Clinical signs in the localized form of STSS, necrotizing fasciitis, consist of areas of skin bruising, dead skin and/or areas of sloughing where the skin is falling away. Usually there is a pus discharge from these areas. The dogs are very painful, running a high temperature, depressed and, in general, sick dogs. Often there is a history of an FSF episode, dog fight wounds, or other traumatic event. In the generalized or systemic form of STSS symptoms have a much more rapid onset and are more shock-like such as severe weakness, rapid heart rate, pale mucous membranes, extreme pain, collapse, coma and acute death. The lungs seem to be the primary site affected.
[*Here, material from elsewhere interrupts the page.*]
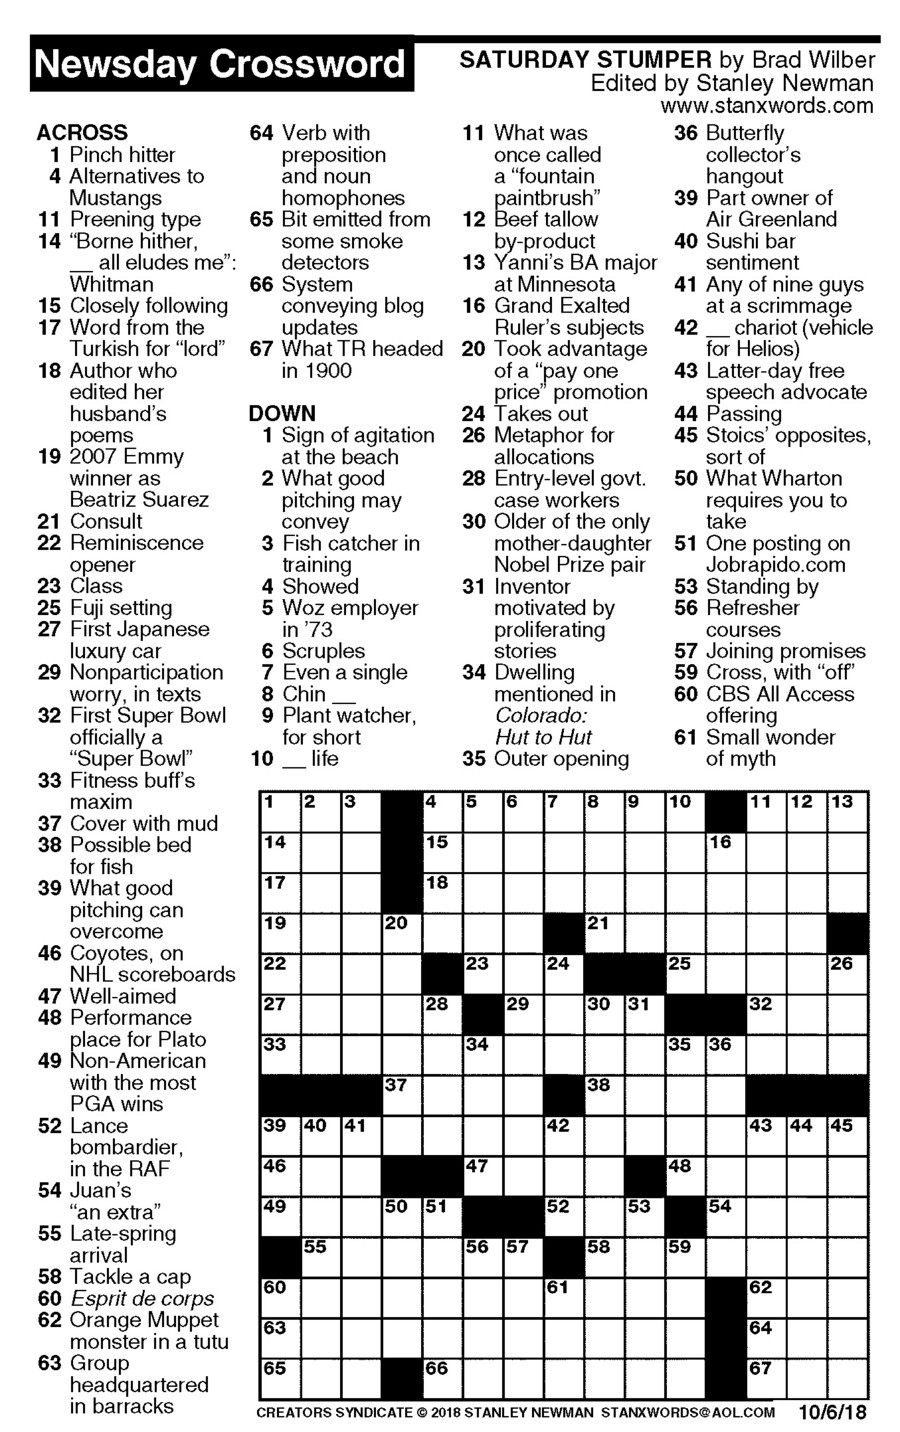 Newsday Crossword Puzzle For Oct 06, 2018,stanley Newman - Printable Crossword Puzzles Newsday
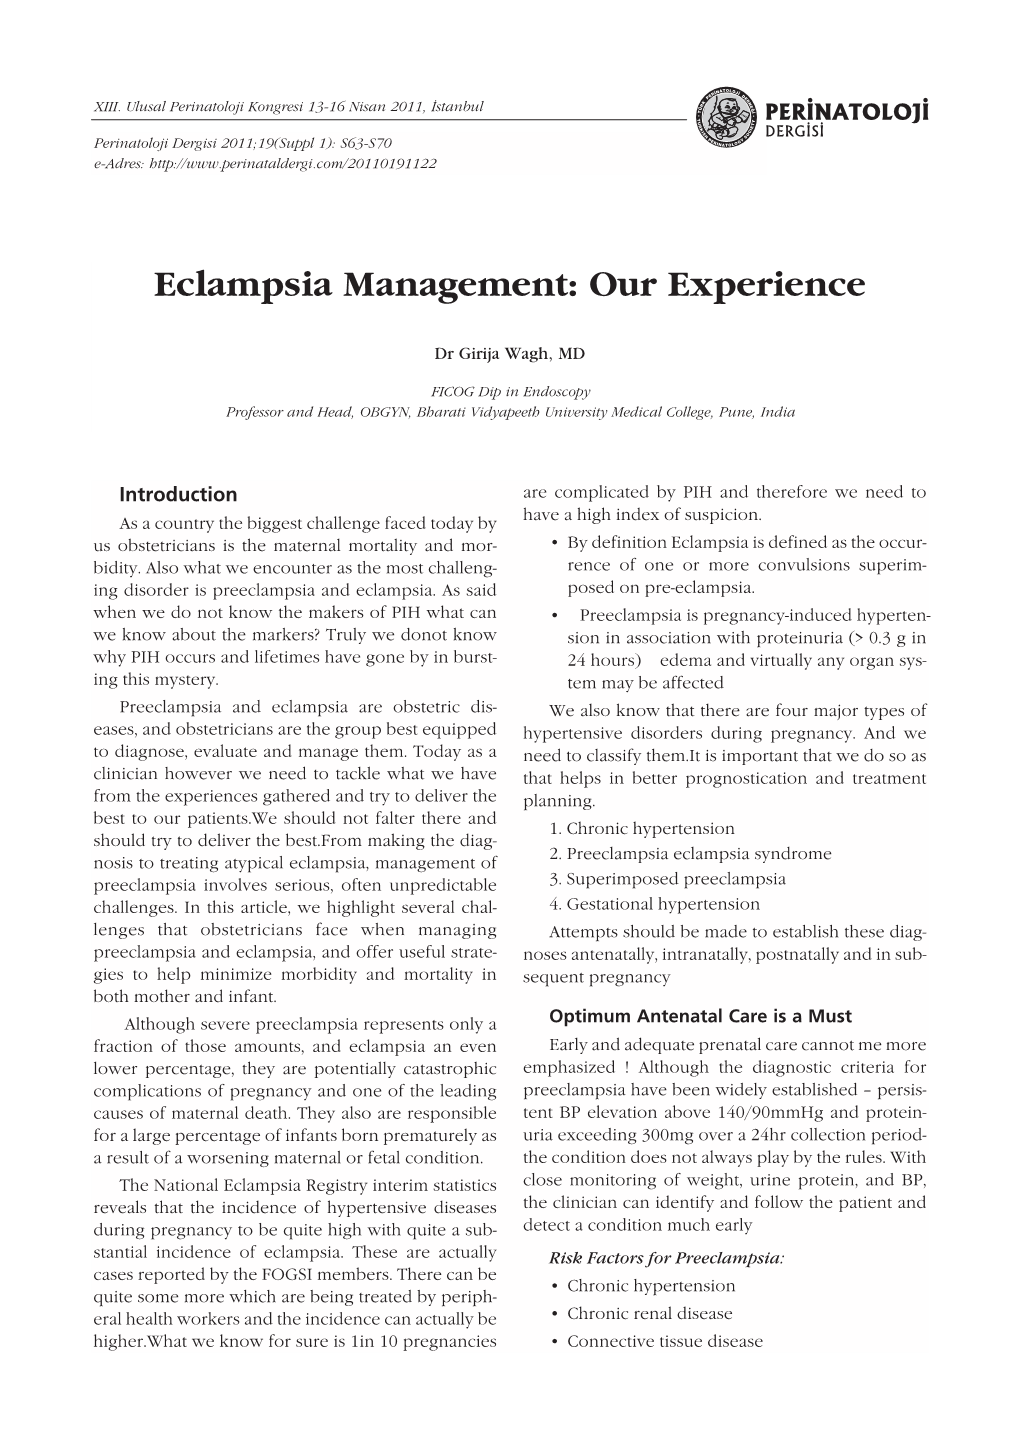 Eclampsia Management: Our Experience

Many of these dogs develop DIC (disseminated intravascular coagulation) which rapidly leads to multiple organ dysfunction syndrome (MODS) and death despite heroic efforts at treatment.

The emergence of this disease has been attributed to the popularity of fluroquinolones for use in dogs. It has been shown that enrofloxacin can cause a bacteriophage-induced lysis of S. canis and superantigen expression which induces T-cell proliferation and excessive release of host cytokines with potentially lethal effects. Ingrey KT, Ren J, Prescott JF. A Fluoroquinolone Induces a Novel Mitogen-Encoding Bacteriophage in Streptococcus canis. Infection and Immunity, June 2003: pp. 3028- 3033.

The cause of this condition is unknown. It is known that Streptococcus canis can be part of the normal bacterial flora of the dog and that NF and STSS have occurred in other breed. Predisposing factors in the Shar-Pei may be related to:

  1. The increased amounts of mucin in the subcutaneous tissues.
  2. The prevalence of FSF in the breed.
  3. The prevalence of dog fights and bite wounds in the breed.
  4. An increase in skin laxity resulting in more trauma.
  5. Immune system insufficiencies.
  6. Perhaps an increased virulence of some strain of Streptococcus canis.

Diagnosis is based on the history of previous trauma or FSF episode, bacterial culture and sensitivity of discharges or tissue samples, and clinical signs. One important point is that the organism is often resistant to enrofloxicin (Baytril®) and the aminoglycosides such as Amikacin® and Gentocin®. Consider the use of multiple antibiotic therapy with agents such as Clavamox®, cephalexin, clindamycin, lincomycin, erythromycin, penicillin and the potentiated sulfas. Of course, the best approach is based on sensitivity information from a culture, but that takes some time to generate.

Treatment of the necrotizing fasciitis involves appropriate antibiotic selection and administration, and basic wound care of the affected areas. I have seen dogs have recurrence of necrotizing fasciitis with repeat FSF episodes. Usually they seem to slough out the same area every time. Treatment of the STSS involves intensive care with intravenous fluid therapy, shock treatment with IV antibiotics, pain management, steroids (?), and intensive monitoring for the development of DIC, etc. At this time the prognosis for systemic STSS must be considered very poor.

Increased owner awareness of NF and STSS, rapid initiation of appropriate antibiotic therapy and intensive supportive care are the keys to survival in this condition. An excellent article on STSS appeared in the October 15, 1996 issue of the Journal of the American Veterinary Medical Association, Volume 209, Number 8, pages 1421-1426 by C. Miller, J. Prescott, K. Mathews et al. entitled “Streptococcal Toxic Shock Syndrome in Dogs”.

At this time there is no evidence suggest that humans are susceptible to infection by group G Strep. However all humans involved in the care of these dogs should take common sense precautions such as the use of exam gloves, proper disposal of bandage materials, personal hygiene, etc. I would not recommend that these dogs be cared for by immunocompromised individuals, children, the elderly or physically ill people.